Extracted material: Begin
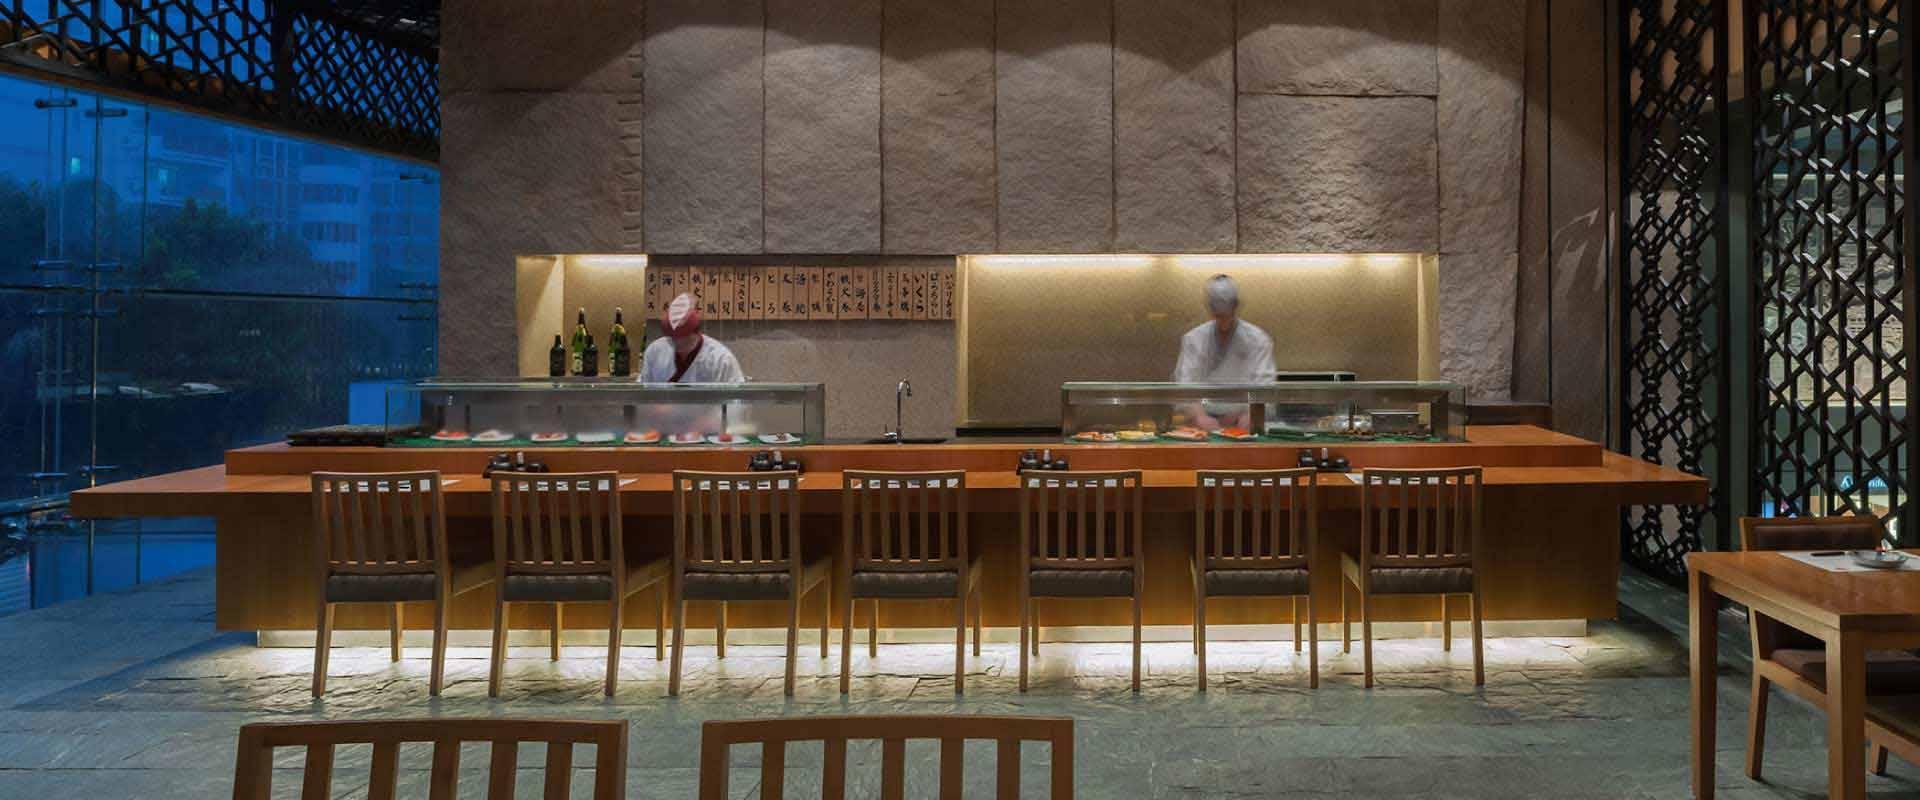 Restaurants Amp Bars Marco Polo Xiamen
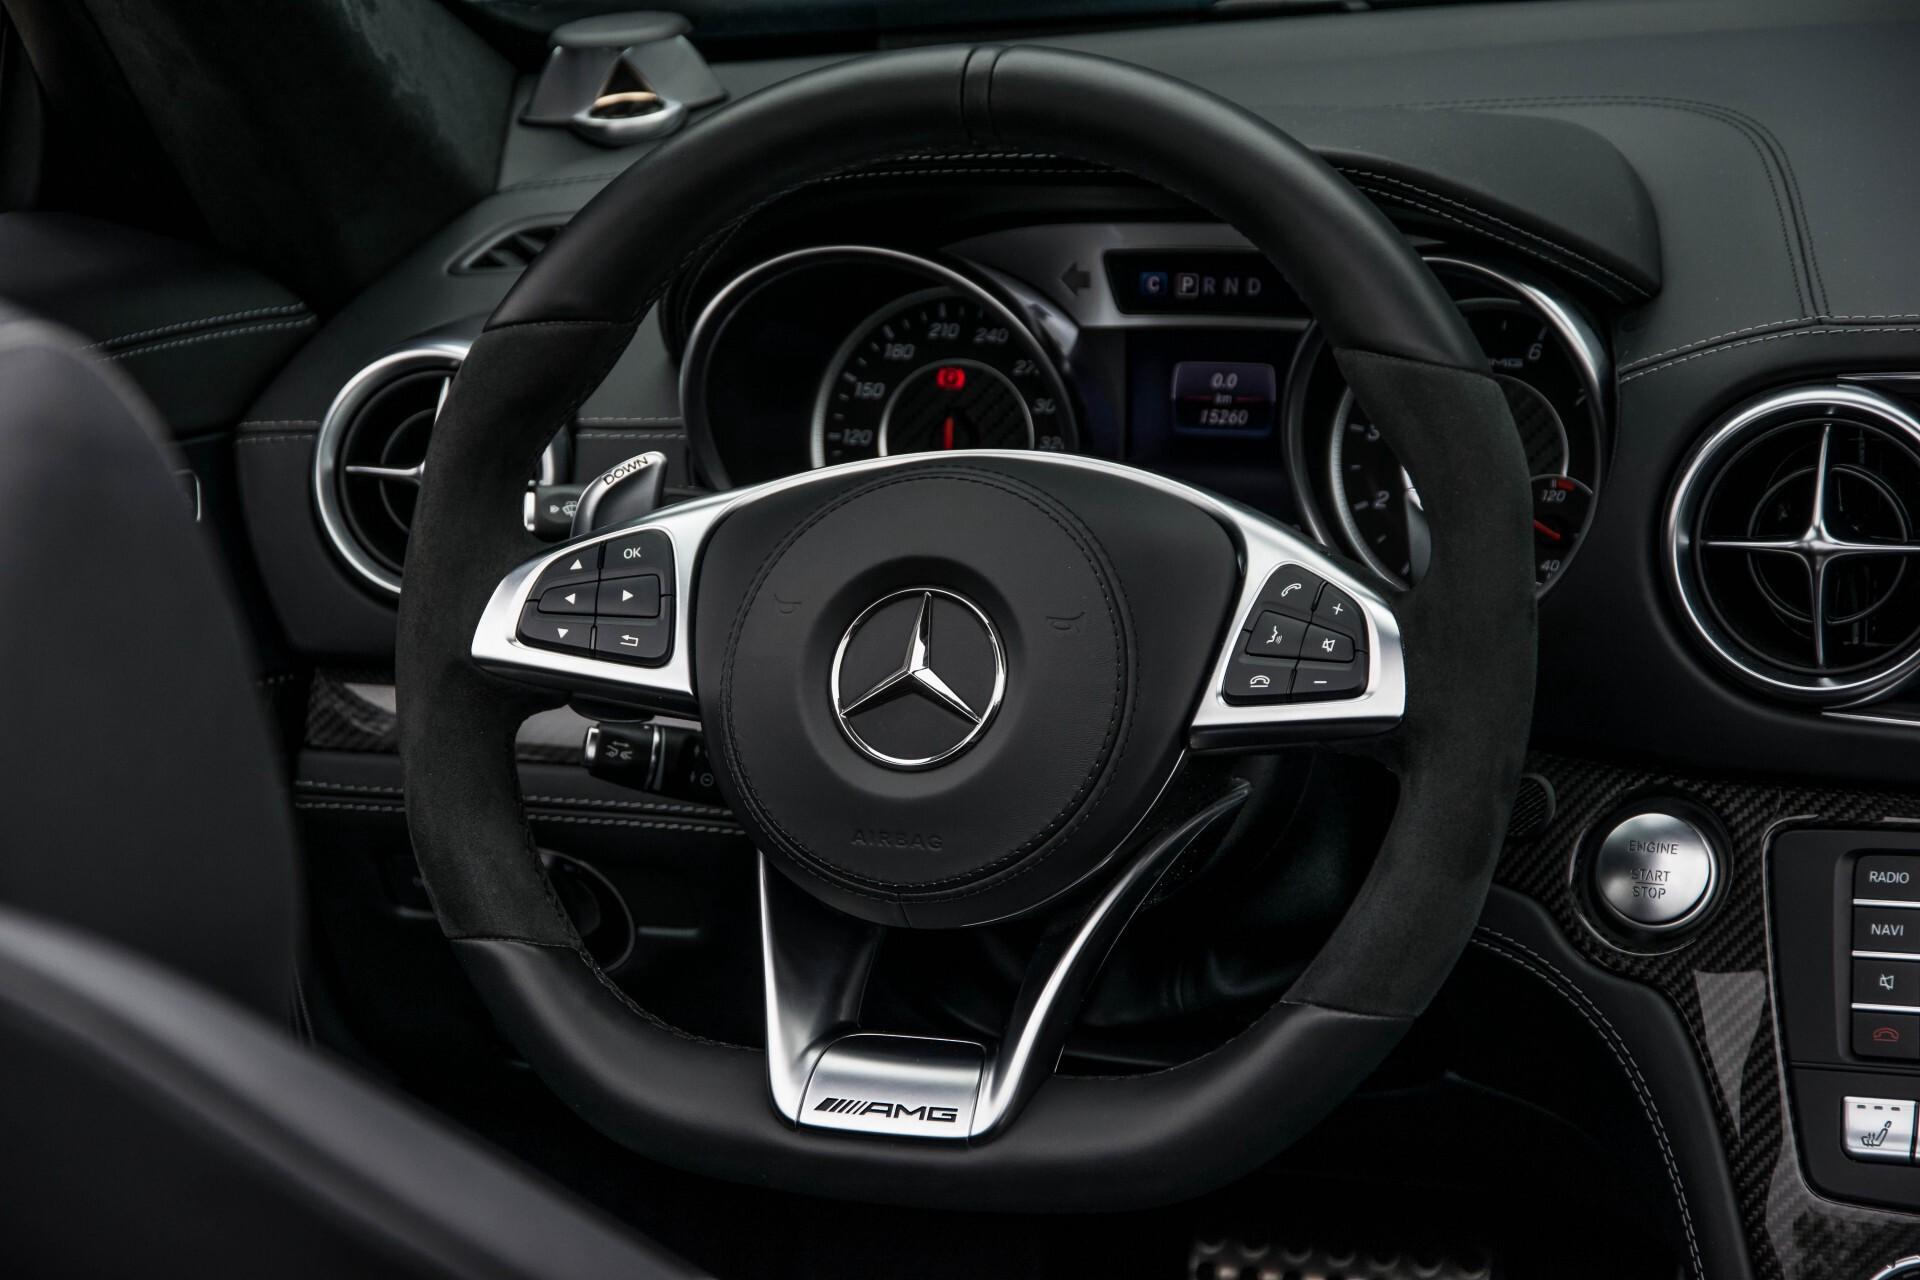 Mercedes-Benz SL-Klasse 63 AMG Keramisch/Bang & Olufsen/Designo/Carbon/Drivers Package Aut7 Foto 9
Extracted material: End
Extracted material: Begin
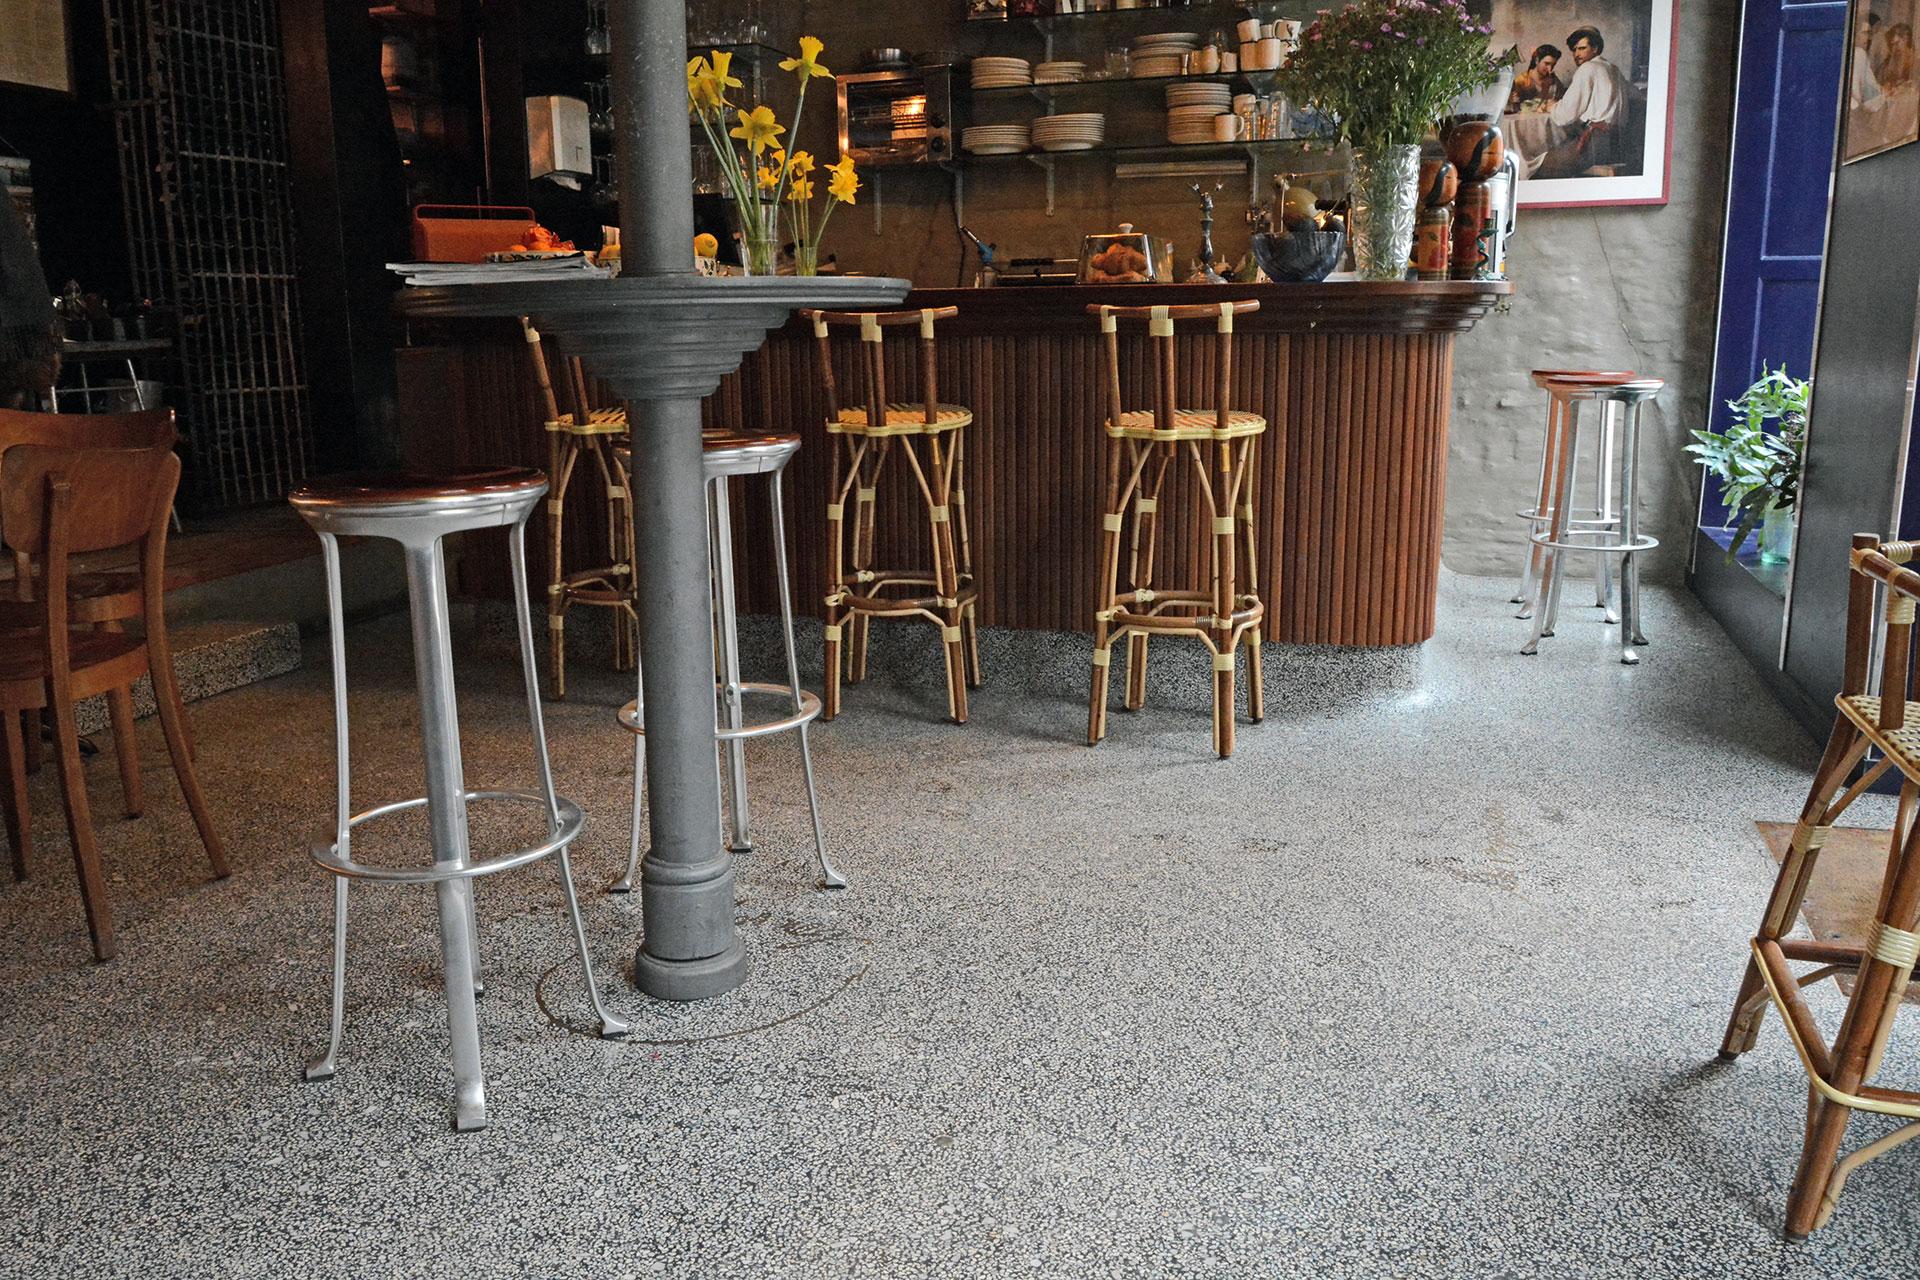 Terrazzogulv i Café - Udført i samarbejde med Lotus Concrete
Extracted material: End
What you need to do
From the records above, quote word for word only the lines beginning at the line that has "Restaurants Amp Bars Marco Polo Xiamen" and stopping after the line that has "Mercedes-Benz SL-Klasse 63". Omit the pictures.

Response area
 Restaurants Amp Bars Marco Polo Xiamen
 Mercedes-Benz SL-Klasse 63 AMG Keramisch/Bang & Olufsen/Designo/Carbon/Drivers Package Aut7 Foto 9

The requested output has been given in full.